The reporting timeliness variations across states may result from different reporting protocols in the states (e.g., centralized versus distributed reporting within the state's public health system) or from variations in how states assign MMWR week numbers. Other factors that might have contributed to reporting delay in our study included: the patient's recognition of symptoms; the patient's acquisition of medical care; the use of confirmatory laboratory testing; reporting by the health care provider or the laboratory to the local, county, or state public health authority; the volume of cases identified in the state; case follow-up investigations to verify the case report or to collect additional case information; periods of decreased surveillance system activity due to variable staffing levels; computer system down-time for maintenance, upgrades, or new application development; and data processing routines, such as data validation or error checking. Following a structured approach to evaluation of timeliness by specifying the surveillance objectives and the process(es) being measured may allow better definition of the factors that contribute to reporting delay. It was beyond the scope of this study to assess how these factors contribute to NNDSS reporting timeliness.
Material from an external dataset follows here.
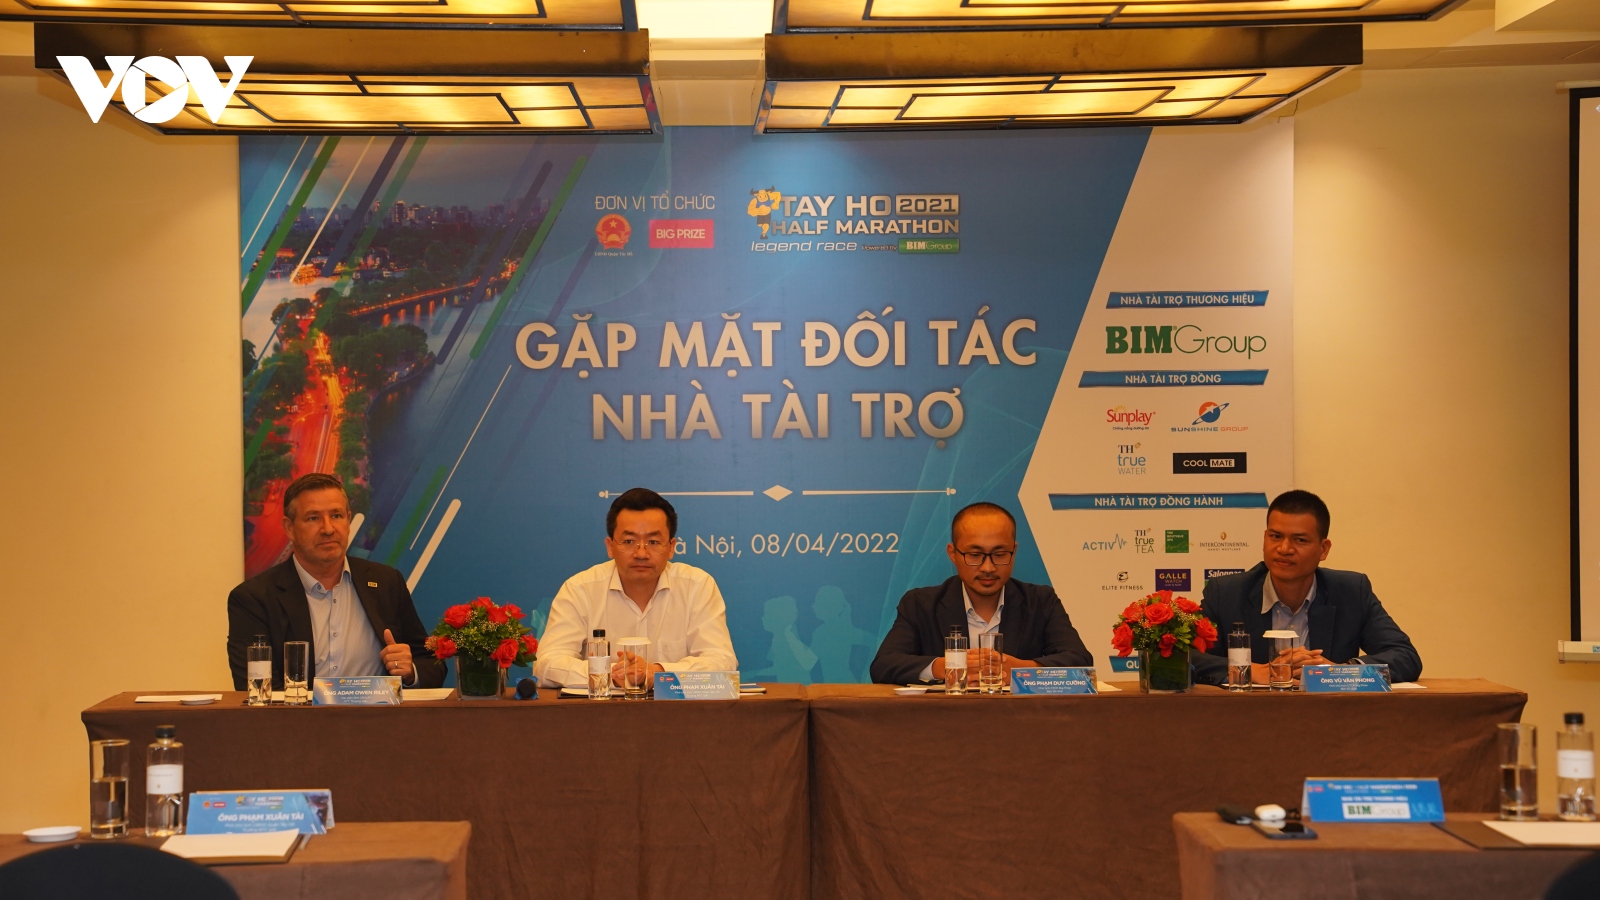 Tay Ho Half Marathon 2021 - The Legend Race chinh phục người chạy với cung đường đặc sắc

In addition to reporting timeliness, other surveillance system attributes are important to assess (e.g., completeness of reporting). Completeness of notifiable infectious diseases reporting in the United States varies from 9% to 99% [7
]. Six of the eight papers reviewed for this study assessed completeness of reporting [12
]. One paper [14
] noted that although the timeliness of the AIDS passive and active surveillance systems were comparable, the completeness of the active AIDS reporting system far exceeded the reporting completeness for the passive system. This highlights the importance of evaluating completeness and timeliness and other surveillance system attributes concurrently, before contemplating any changes to a surveillance system based on the assessment of a single attribute.
To improve public health surveillance infrastructure and performance in the United States, CDC and local and state health agencies are integrating a number of public health surveillance systems monitoring infectious diseases in the United States, including the NNDSS, into the National Electronic Disease Surveillance System (NEDSS) [19
]. NEDSS outlines a standards-based approach to disease surveillance and intends to connect public health surveillance to the clinical information systems infrastructure. As a result, NEDSS promises to improve the accuracy, completeness, and timeliness of disease reporting to state and local health departments and CDC.